CryoDRGN models both discrete and continuous structural heterogeneity
We next used simulated single particle cryo-EM datasets to test if the complete cryoDRGN framework could perform heterogeneous reconstruction. This simulation-based approach allowed us to quantitatively evaluate the method’s performance by comparing the reconstructed density maps to the ground truth density maps. To simulate continuous motions, we constructed an atomic model of a hypothetical protein complex and iteratively rotated one bond’s dihedral angle, resulting in a series of 50 distinct but closely-related atomic models. We then generated density maps along this reaction coordinate to serve as the ground truth density maps (Fig. 3a). Cryo-EM micrographs were generated by projecting the ground truth maps with random poses, followed by application of the contrast transfer function (CTF) and the addition of noise (see Methods). To simulate a compositionally heterogeneous dataset, this procedure was repeated by mixing images generated from the bacterial 30S, 50S, and 70S ribosomal density maps (Fig. 3d). The cryoDRGN networks were then provided these simulated images and their corresponding poses, and were trained with 1-dimensional (1D) latent variable models.
When trained on the dataset with continuous heterogeneity, we found that cryoDRGN accurately modeled the full continuum of structures as assessed by two criteria. First, the latent encoding of each image produced by the encoder network correlated well with the dihedral angle of the underlying model (Spearman r = −0.996), which we characterize as the ground truth reaction coordinate (Fig. 3b). Second, when provided a series of latent variable values, the deep coordinate network produced structures that correlated with the ground-truth maps (Fig. 3c).
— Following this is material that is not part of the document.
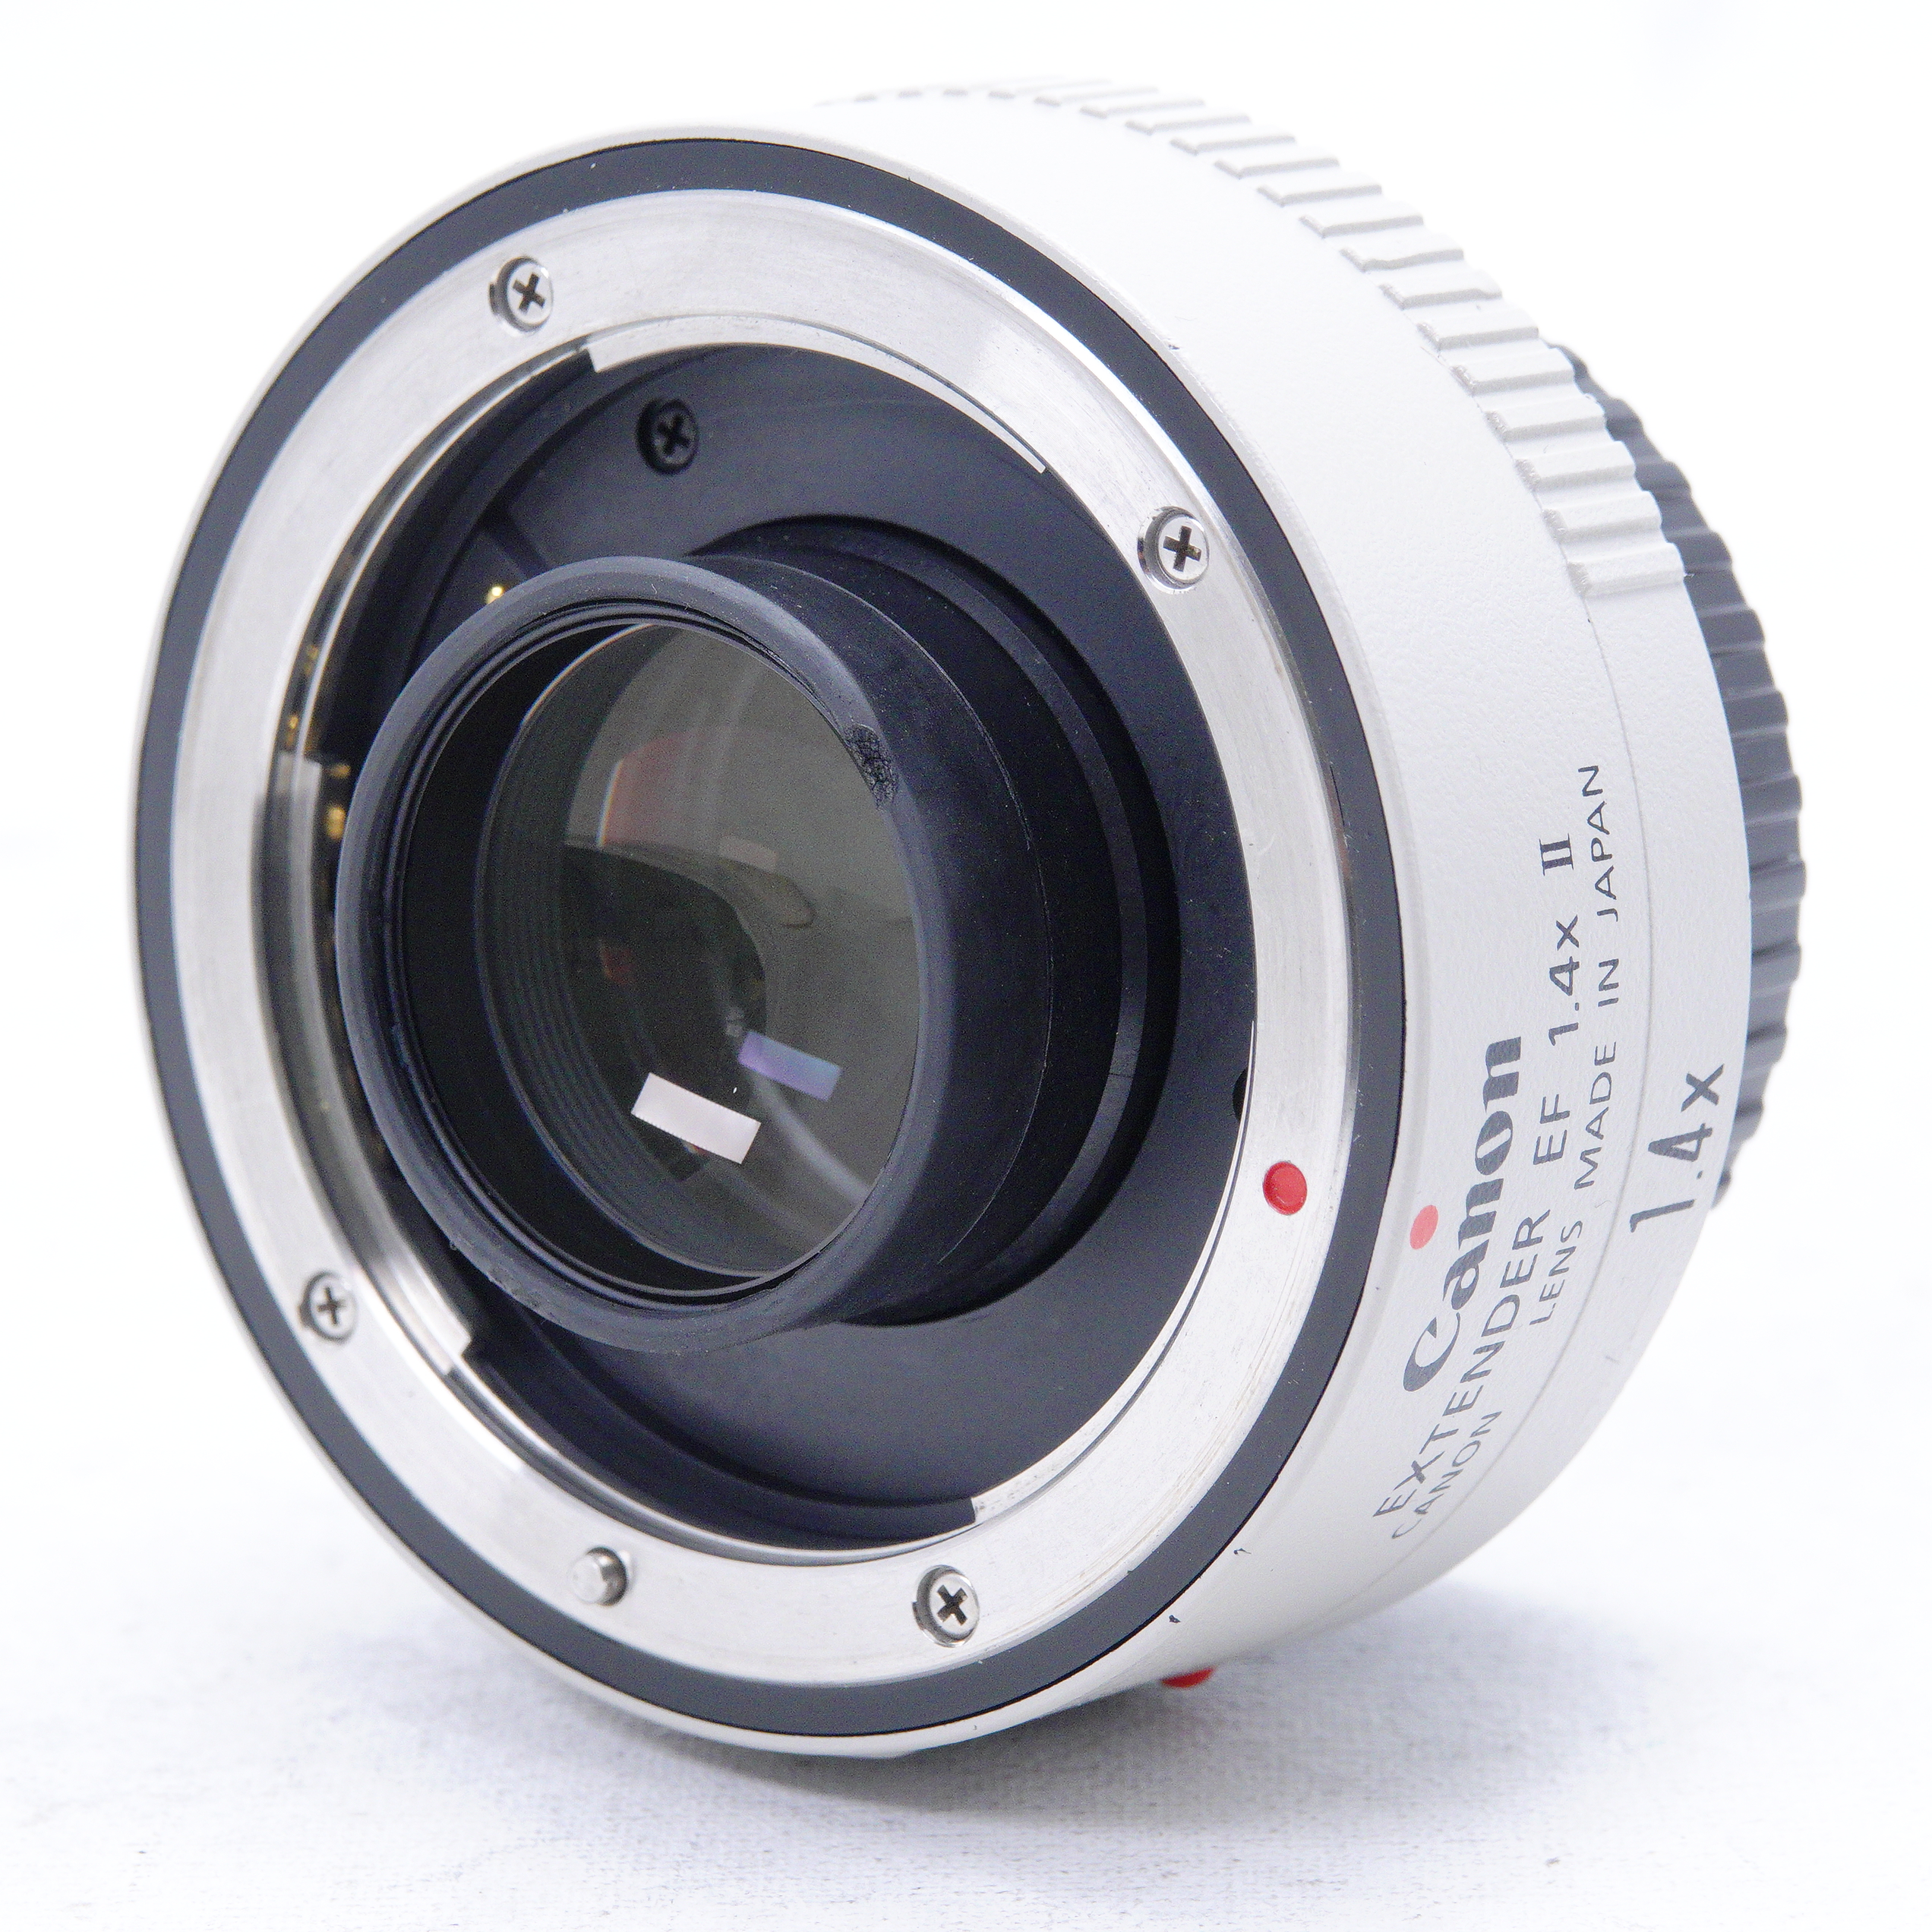 Teleconverter Canon 1.4x EF Extender II - Usado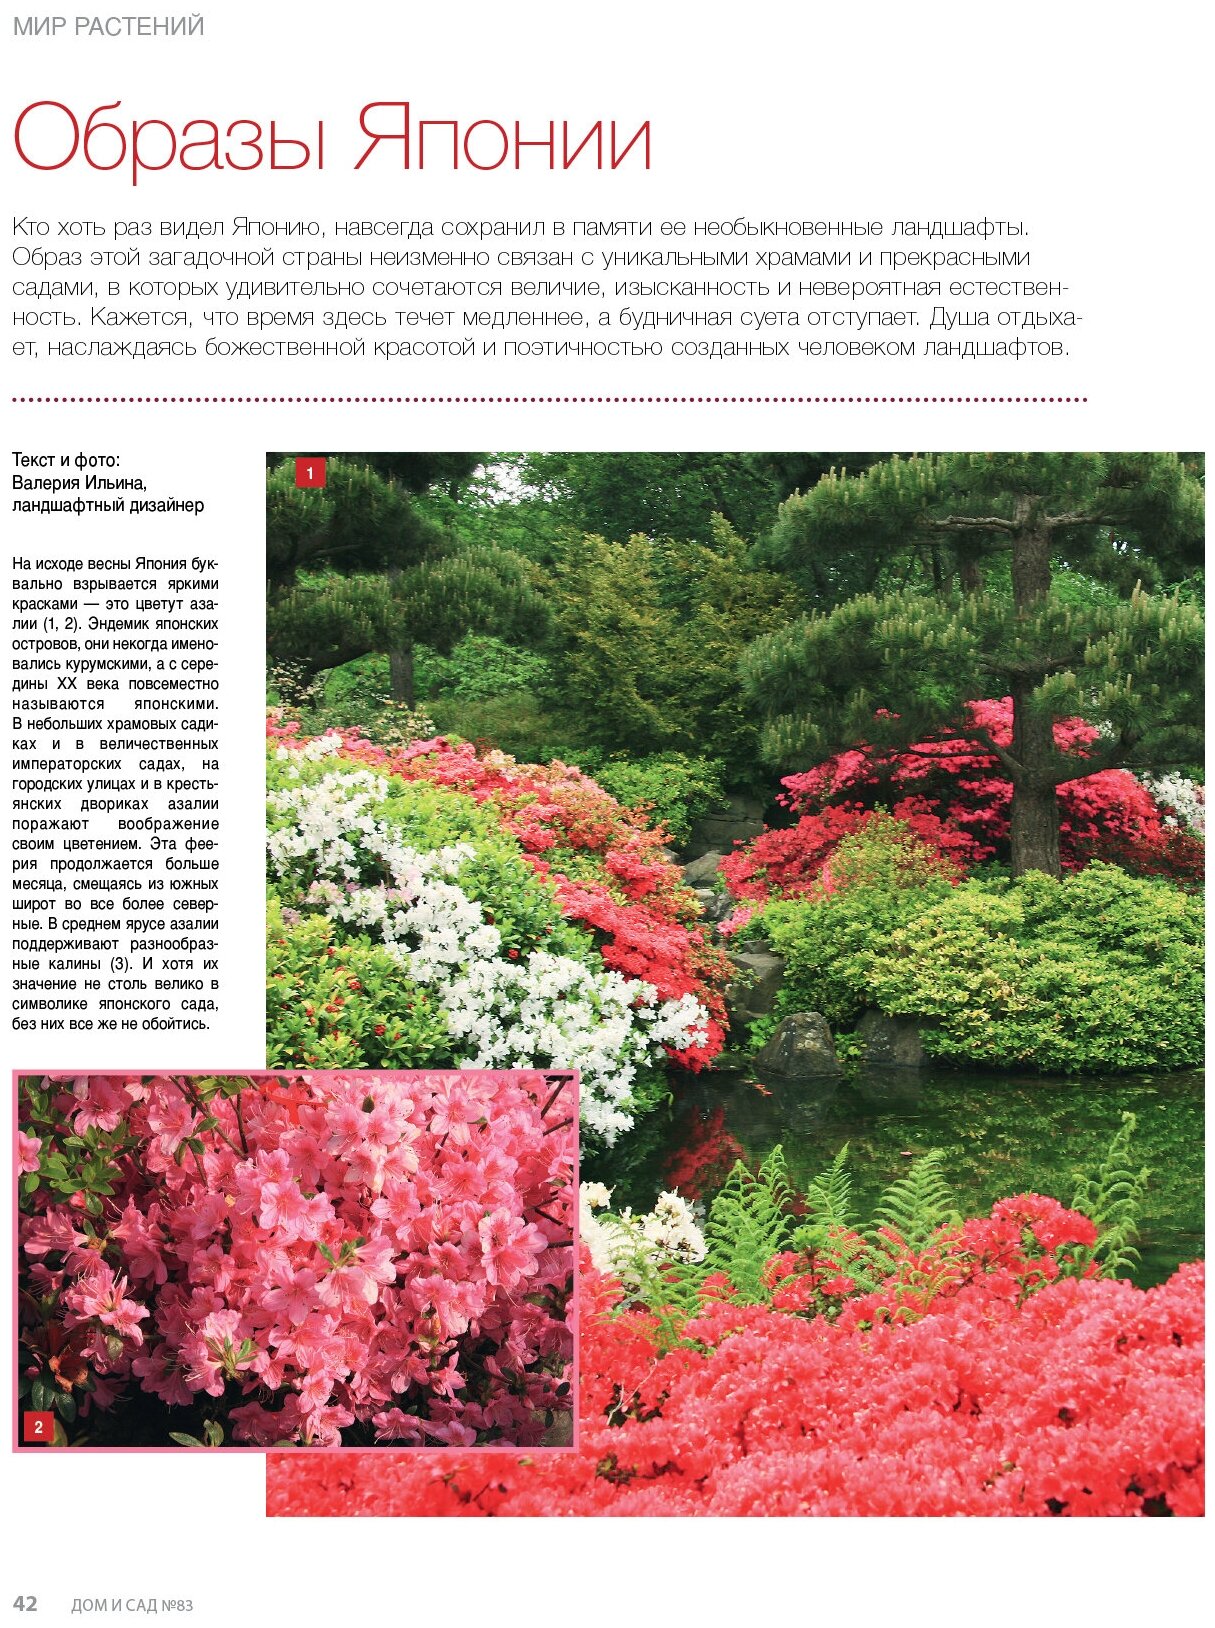 Журнал Дом и сад №2 (83) 2015

We note that the deep coordinate network can generate an arbitrary number of conformations along the trajectory, and found that for 100 images equally spaced along the reaction coordinate, the generated structure at each image’s predicted latent encoding correlated well with its ground truth map (Supplementary Fig. 2).
When cryoDRGN was trained on the compositionally heterogeneous dataset, we observed that the encoder network mapped particles to three distinct clusters in latent space (Fig. 3e). These clusters aligned with the ground truth class assignments from the 30S, 50S, and 70S ribosome (classification accuracy of 99.9%), and the appropriate ribosomal structures were generated by the deep coordinate network when provided with latent variable values at the corresponding cluster centers (Fig. 3f, Supplementary Fig. 2).
CryoDRGN uncovers residual heterogeneity in a high-resolution cryo-EM reconstruction
We next evaluated cryoDRGN’s ability to learn heterogeneous structures from real cryo-EM data, which contains structured noise and imaging artifacts that are difficult to simulate. When analyzing a homogeneous reconstruction of the Pf80S ribosome, Wong et al. observed flexibility in the small subunit head region and missing density for peripheral rRNA expansion segment elements that prevented completion of an atomic model in these regions29. To explore if this unresolved density resulted from residual heterogeneity, we trained a 10-dimensional (10D) latent variable model with cryoDRGN on their deposited dataset (EMPIAR-10028), using poses from a consensus reconstruction in cryoSPARC30. We then visualized the dataset’s latent encodings using principal component analysis (PCA) (Fig. 4a) and observed a subset of particles separated along PC1. A density map generated by the deep coordinate network from this region of latent space revealed a distinct conformation of the 40S subunit, which was rotated relative to the 60S subunit (Fig. 4b,c). Concomitant with the inter-subunit rotation, we observed the disappearance of the inter-subunit bridge formed by the C-terminal helix of eL8, which is consistent with Sun et al.’s characterization of Pf80S dynamics31. We further explored structural heterogeneity by performing k-means clustering of the latent encodings with k=20 clusters and subsequently generating structures at the cluster centers. We observed diverse structures including those bearing a rotated Pf40S head group, those missing the head group, and those with clearly resolved rRNA helices that were absent from the homogeneous reconstruction (Fig. 4c).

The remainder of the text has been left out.